The presence of occupations at Alexandria which predated Alexander was proposed by researchers analysing lead, and was reported in April last year. They proposed that there had been a bronze age settlement dated to the IV dynasty and an iron age settlement dated to about 1000-800 BC. The latest discoveries are summarized on the above site:
Now scientists have discovered hidden underwater traces of a city that existed at Alexandria at least seven centuries before Alexander the Great arrived, findings hinted at in Homer's Odyssey and that could shed light on the ancient world. . . .

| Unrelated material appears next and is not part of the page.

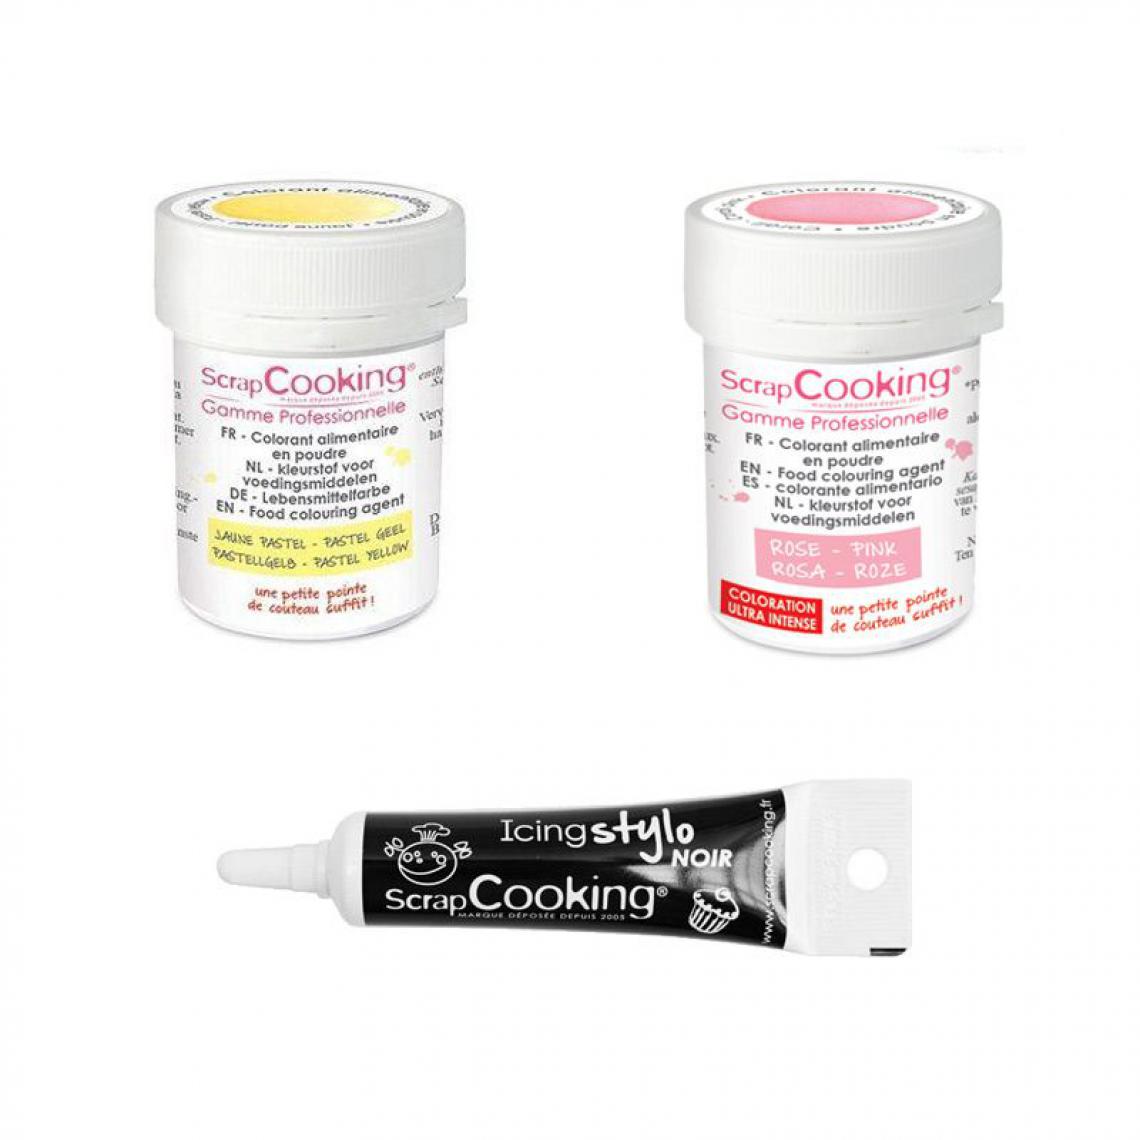 Scrapcooking - 2 colorants alimentaires rose poudré-jaune pastel + Stylo glaçage noir - Kits créatifs

Alexandria was known to have developed from a settlement known as Rhakotis, or Râ-Kedet, vaguely alluded to as a modest fishing village of little significance by some historians. Seven rod-shaped samples of dirt gathered from the seafloor of Alexandria's harbor now suggest there may have been a flourishing urban center there as far back as 1000 B.C.

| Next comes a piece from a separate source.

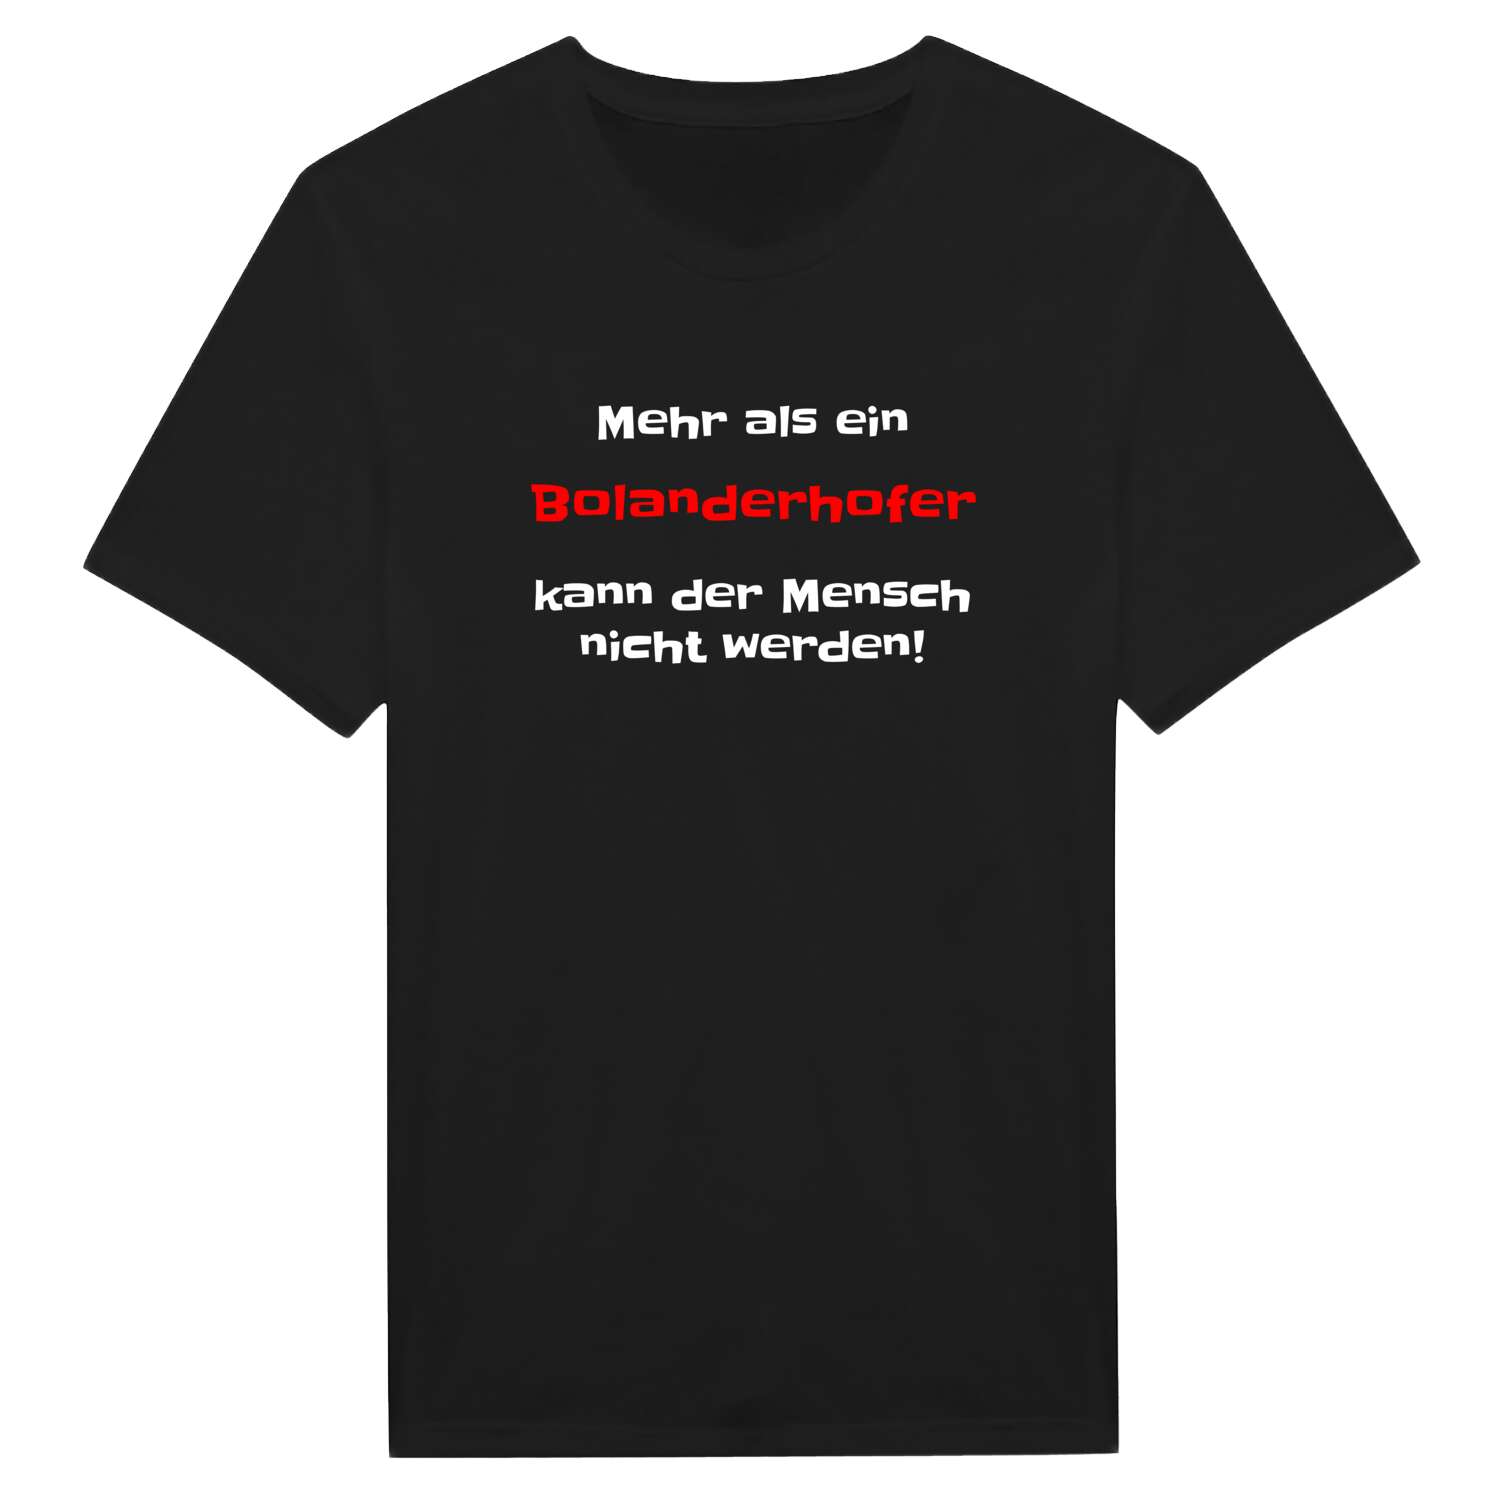 Bolanderhof T-Shirt »Mehr als ein«
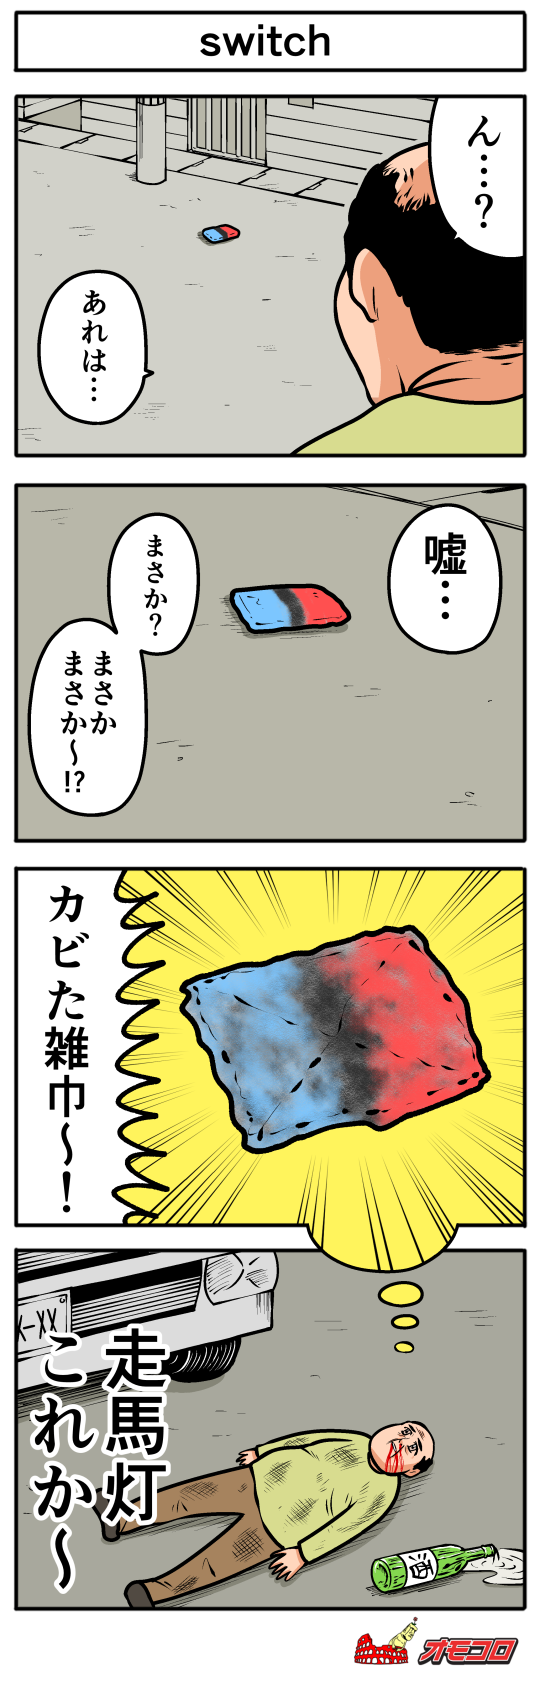 【４コマ漫画】switch

Coastal geoarchaeologist Jean-Daniel Stanley of the Smithsonian's National Museum of Natural History and his colleagues used vibrating hollow tubes to gently extract three-inch-wide rods of sediment 6 to 18 feet long (2 to 5.5 meters) from up to 20 feet (6.5 meters) underwater. Collecting these samples underwater proved challenging. "Alexandria now is home to as many as 4 million people, and we were in the unfortunate position of having to deal with their discharge — human waste, municipal waste, industrial waste — which got released into the harbor," Stanley said. "It's not funny, but you have to sort of laugh."